Overview of Training LLMs on One Single GPU ^†

Abstract

Large language models (LLMs) are developing at a rapid pace, which has made it necessary to better understand how they train, especially when faced with resource limitations. This paper examines in detail how various state-of-the-art LLMs train on a single Graphical Processing Unit (GPU), paying close attention to crucial elements like throughput, memory utilization and training time. We find important trade-offs between model size, batch size and computational efficiency through empirical evaluation, offering practical advice for streamlining fine-tuning processes in the face of hardware constraints.

1. Introduction

The advent of large language models has revolutionized natural language processing, enabling breakthroughs in tasks like text generation, translation, question answering, etc. However, training such models can be computationally costly; many models with billions and trillions of parameters were trained with a massive number of GPU clusters, which requires the use of a lot of power resources (DeepSeek R1 [1] took 2048 H800 GPU). While much effort has been devoted to scaling LLMs to record-breaking sizes, there still remains a critical need to optimize their training performance so that, at the very least, the necessary modules can fit into the GPU’s memory without saturating it, which is a challenge that the majority of students, educators and researchers face as they tend to rely on free hardware provided from cloud platforms such as Kaggle and Google Colab.
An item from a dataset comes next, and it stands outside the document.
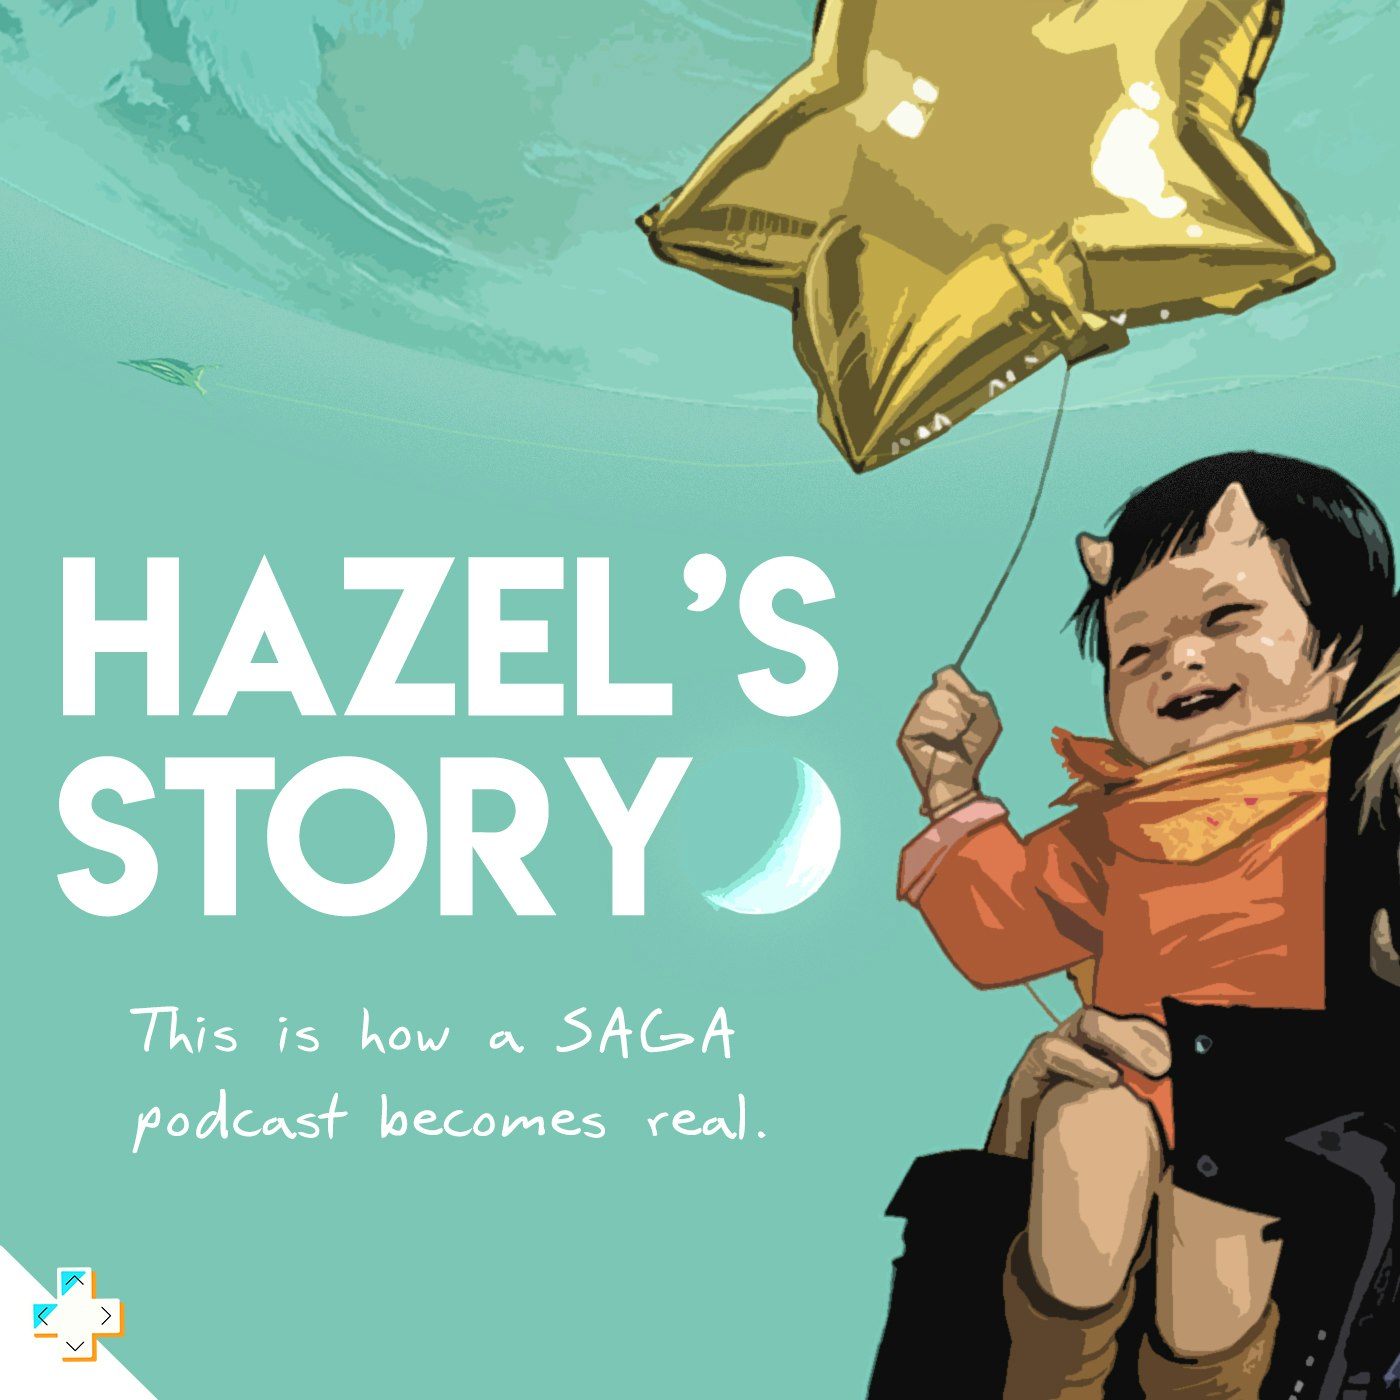 Introducing Hazel’s Story

This work addresses this gap by presenting a systematic report of finetuning performance of a few LLMs on two specific free-to-use GPUs: a P100 GPU provided by the Kaggle platform and a T4 from the Google Collab platform, also available on Kaggle. We have focused on special key points such as training time, memory, throughput and convergence behavior so that we can provide a perspective that covers different architectures and setups. By analyzing these measurements, our aim is to produce a list of recommendations that can help individuals to develop trade-offs between model size, effective batch size and efficiency in terms of computation, offering actionable information for optimizing training workflows within hardware and time limits.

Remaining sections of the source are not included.